John Corpus, CEO of Milyoni, a firm that helps convert Facebook fans into customers, is bullish but clear-eyed on the site’s potential as a sales medium.
“When you look at its earnings report, it talks about use growth, daily active users and international growth,” Corpus says. “The interesting thing is that [management] didn’t talk about company growth and company participation. They talked a little about advertising, but not about the companies that are investing in advertising. Are they top Fortune 1000 firms? Is Facebook targeted to small- and medium-sized businesses? Who are they targeted at?”
Actually, it’s a mix. Sandberg offered generalizations, saying that most of the Advertising Age Global 100 are represented every quarter on Facebook. But, she notes, they spend a small amount of their budgets with Facebook while consumers spend a amount of time on the site.
Marketers Face Hurdles In Using Facebook
At the same time, small- and medium-sized marketers have experienced hurdles in participating in Facebook. “The advertising experience on Facebook is complicated to date,” Sandberg said during the earnings call. “And that is mainly because we are a completely new kind of marketing. We are not TV, we are not search. We are a third medium. And that presents a challenge, because the messages that talk at consumers on other platforms need to really be adapted and changed to be more inclusive. The right ad on TV or on search is the wrong ad for Facebook. Facebook marketers need to learn how to make their ads a two way dialog with consumers.”
The knowledge and manpower needed to do this may not be as readily available to smaller marketers, she said, adding that Facebook is actively seeking to educate smaller marketers into how to best use it.
Other reasons for reluctance among advertisers to test Facebook may be rooted in a lag in trust and security between it and potential marketers.
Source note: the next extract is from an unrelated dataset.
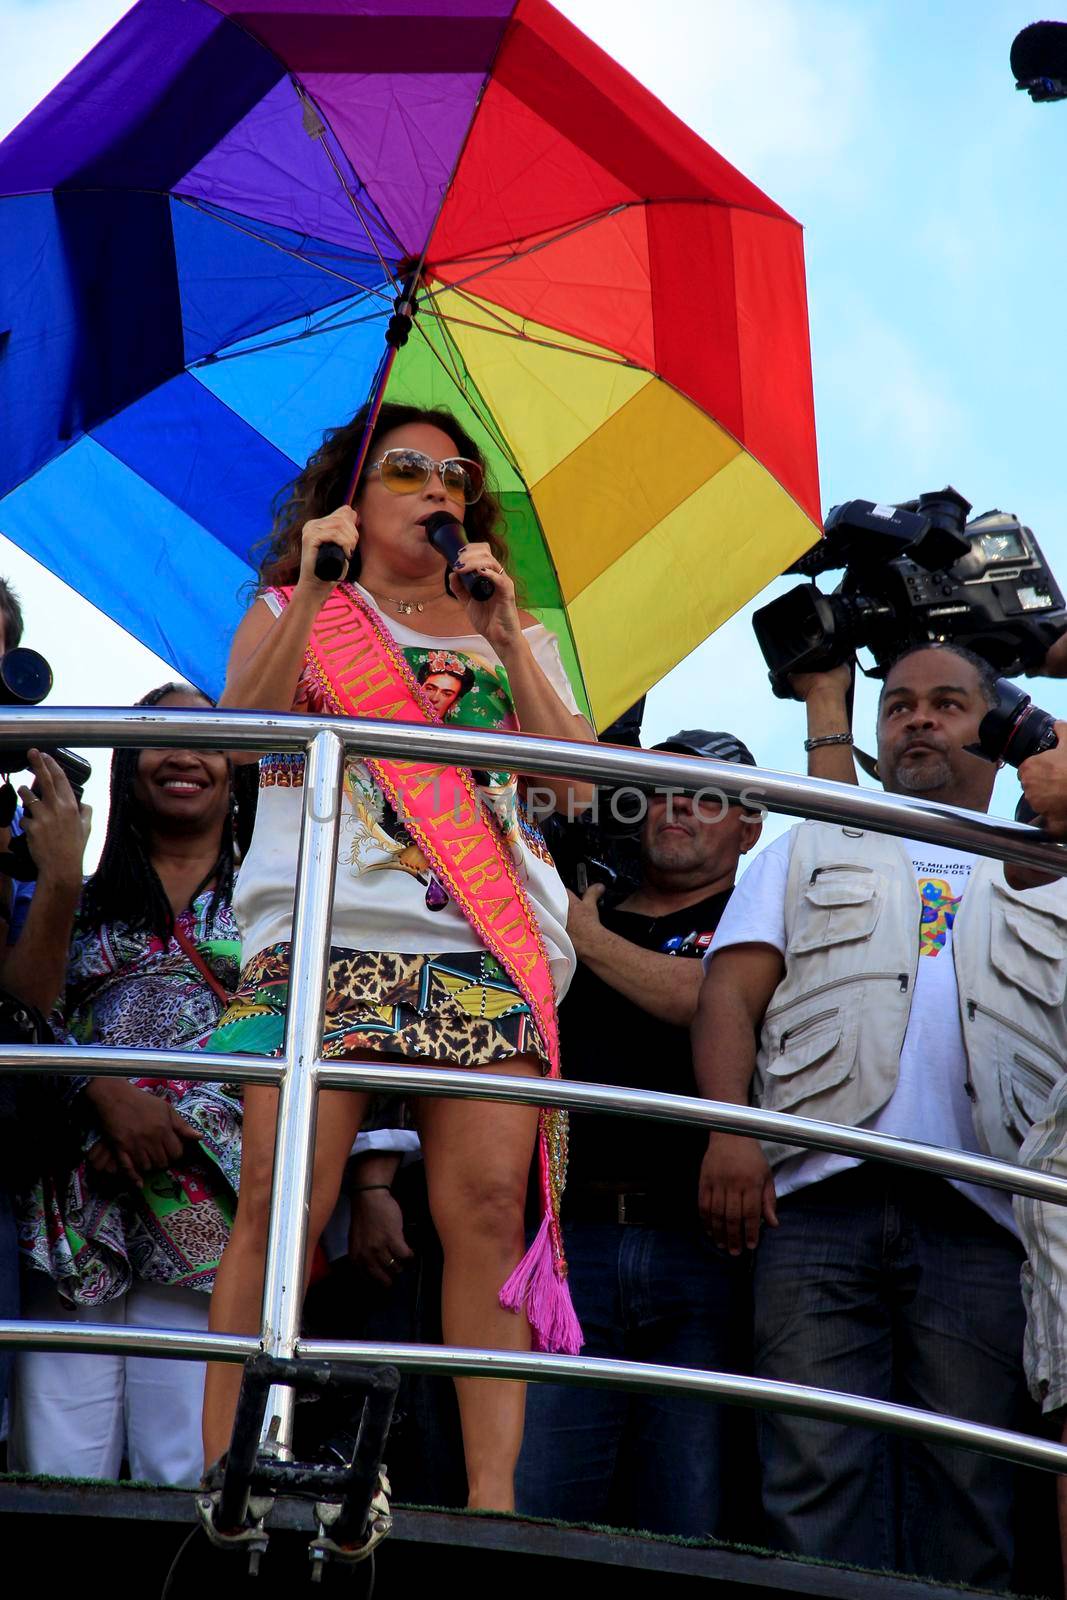 salvador, bahia / brazil - september 8, 2013: singer Daniela Marcury is seen during a gay pride parade in the city of Salvador.

“When Facebook started it was very focused on user engagement,” Corpus says. “But it had and still has a notion of a hacking-type culture. It doesn’t have an enterprise approach to how it releases things into the world. [Users and marketers] get introduced to new features without knowing it.
“Corporations don’t like surprises, and part of the hacking culture is that it turns out code at a rapid pace, and there tend to be surprises about what is coming out.”
That said, what Facebook has to offer advertisers in terms of users’ personal information is enormous. Between the information the company collects on signup and the behavioral and self-reported preference information it collects, it could potentially come as close to offering a 360-degree view of consumers as any single firm does.
But Corpus characterizes Facebook’s ability to monetize its data resources as “mediocre at best”.
“The data it captures, in amount and reach, is a marketer’s dream,” he says, adding that part of why he characterizes the company’s efforts is the sheer scope of data available.
“How do you go to a consumer products firm and say ‘look at all this data? How can you make sense of all this data to get better advertising and results’?”
Facebook will also need to improve how it is accessed on mobile devices before it is accepted as an ecommerce platform. Facebook apps, especially third-party apps, have a reputation for not translating well from the desktop to the phone.
“Look at Facebook’s international growth,” Corpus says. “[Other countries] have been, and will be a more mobile-ly advanced group. Brazil and Asia are more dependent on the devices than we are. It makes sense that there will be huge growth opportunities for them as they move into mobile and international [arenas].”